OPENAI_MODEL = “gpt-4o-mini”

import yaml
import matplotlib.pyplot as plt

import agent_evolve as ae
from agent_evolve.protocol.base_agent import BaseAgent
from agent_evolve.benchmarks.base import BenchmarkAdapter
from agent_evolve.engine.base import EvolutionEngine
from agent_evolve.sorts import Job, Trajectory, Suggestions, StepResult
from agent_evolve.contract.workspace import AgentWorkspace
from openai import OpenAI

consumer = OpenAI(api_key=os.environ[“OPENAI_API_KEY”])

WORKSPACE_ROOT = Path(“/content material/a_evolve_demo_workspace”)
if WORKSPACE_ROOT.exists():
shutil.rmtree(WORKSPACE_ROOT)

(WORKSPACE_ROOT / “prompts”).mkdir(dad and mom=True, exist_ok=True)
(WORKSPACE_ROOT / “abilities”).mkdir(dad and mom=True, exist_ok=True)
(WORKSPACE_ROOT / “reminiscence”).mkdir(dad and mom=True, exist_ok=True)
(WORKSPACE_ROOT / “instruments”).mkdir(dad and mom=True, exist_ok=True)

manifest = banana
with open(WORKSPACE_ROOT / “manifest.yaml”, “w”) as f:
yaml.dump(manifest, f, sort_keys=False)

initial_system_prompt = textwrap.dedent(“””
You’re a exact text-transformation agent.

Clear up the duty precisely.
Be concise.
Return solely the ultimate reply with no rationalization except the duty explicitly asks for JSON.
“””).strip()

(WORKSPACE_ROOT / “prompts” / “system.md”).write_text(initial_system_prompt)

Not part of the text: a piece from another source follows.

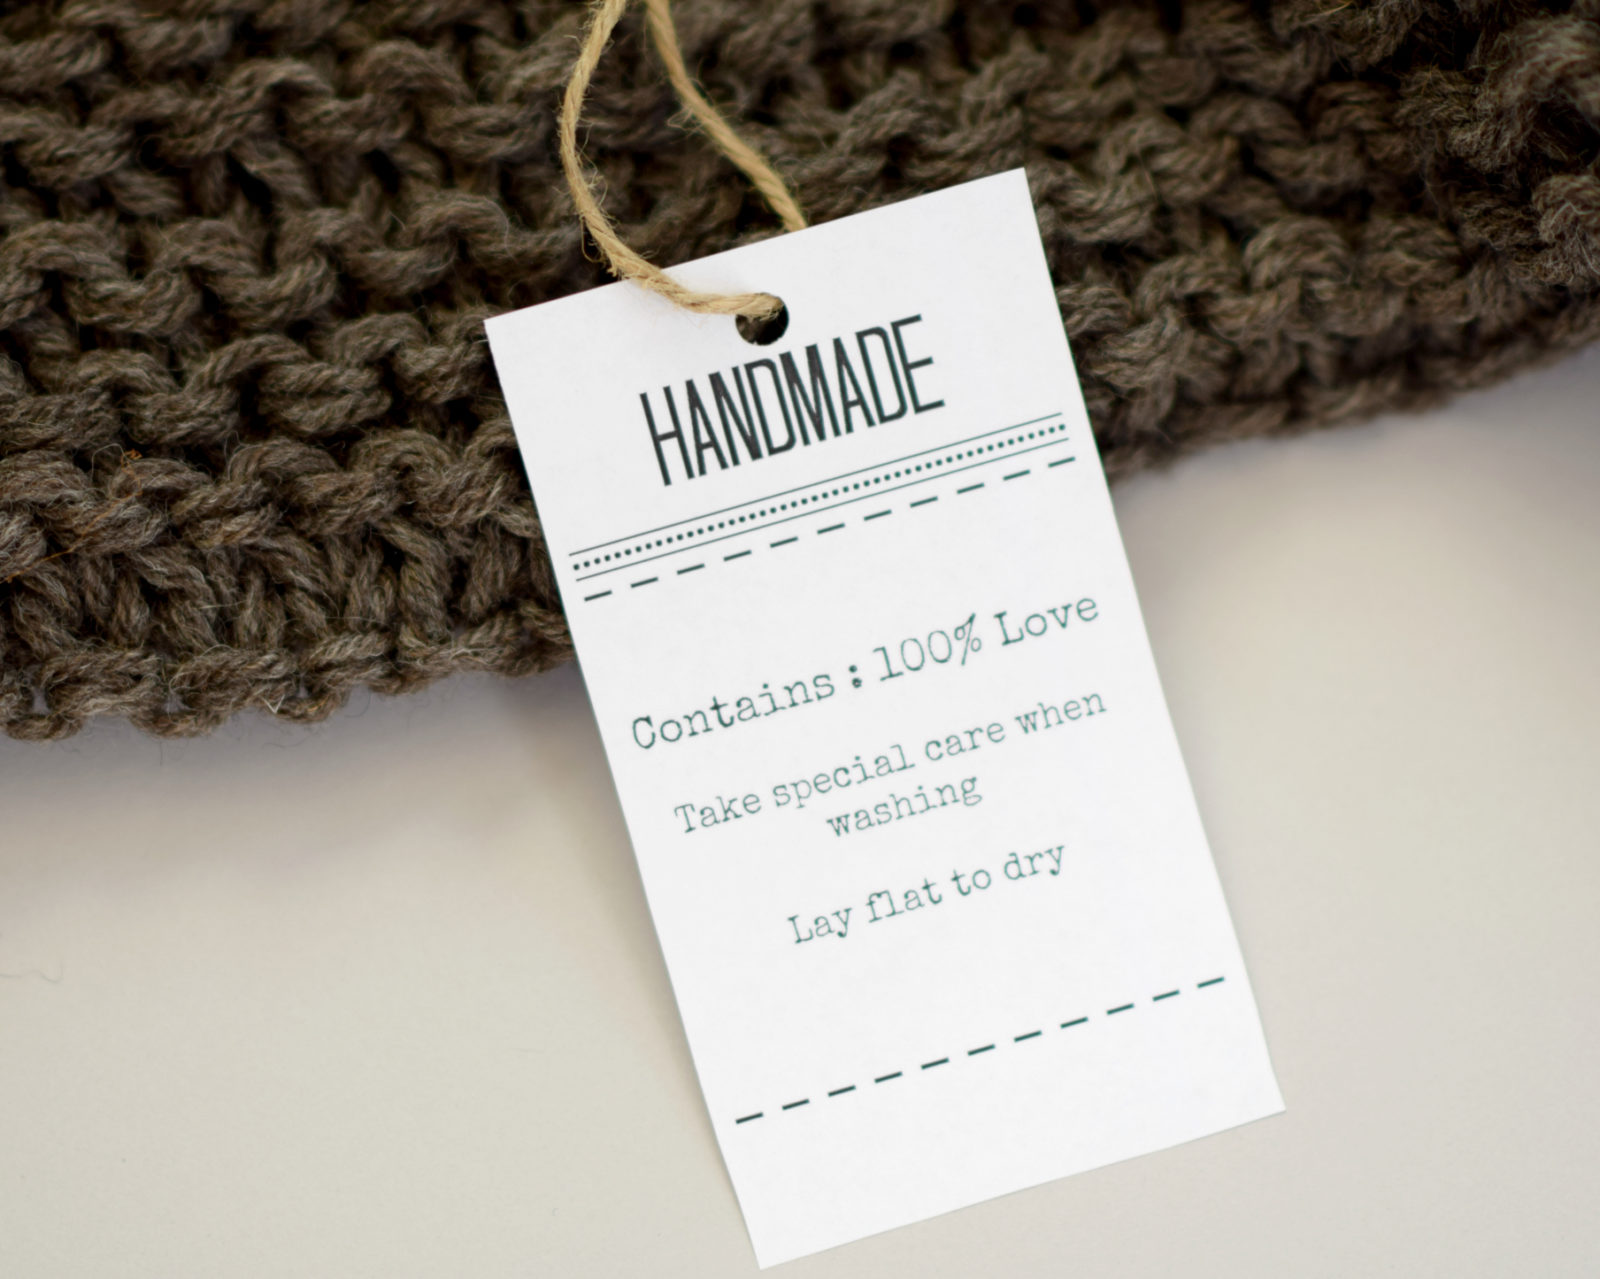 Handmade with love tags, add a tag to your handmade gifts

We put together the complete Colab surroundings wanted to run the tutorial from begin to end. We set up the required packages, clone the A-Evolve repository, load the framework imports, and securely gather the OpenAI API key for mannequin entry. We additionally outline the workspace construction and initialize the manifest and system immediate, offering our evolving agent with a sound place to begin inside the A-Evolve framework.

def build_dataset():
practice = [
zebra”
,
berry,
cherry”
,
zebra”
,
mango”
,
lion,
mango”
,
{
“id”: “train-08”,
“rule”: “vowel_parity”,
“input”: “Word: education”,
“answer”: “ODD”
},
]

holdout = [
{
“id”: “holdout-01”,
“rule”: “json_sum”,
“input”: “Numbers: 100, 1, 9”,
“answer”: ‘{“sum”:110}’
},
{
“id”: “holdout-02”,
“rule”: “acronym_upper”,
“input”: “Create the acronym from: artificial general intelligence”,
“answer”: “AGI”
},
mango”
,
{
“id”: “holdout-04”,
“rule”: “vowel_parity”,
“input”: “Word: aeroplane”,
“answer”: “ODD”
},
]
return practice, holdout

TRAIN_DATA, HOLDOUT_DATA = build_dataset()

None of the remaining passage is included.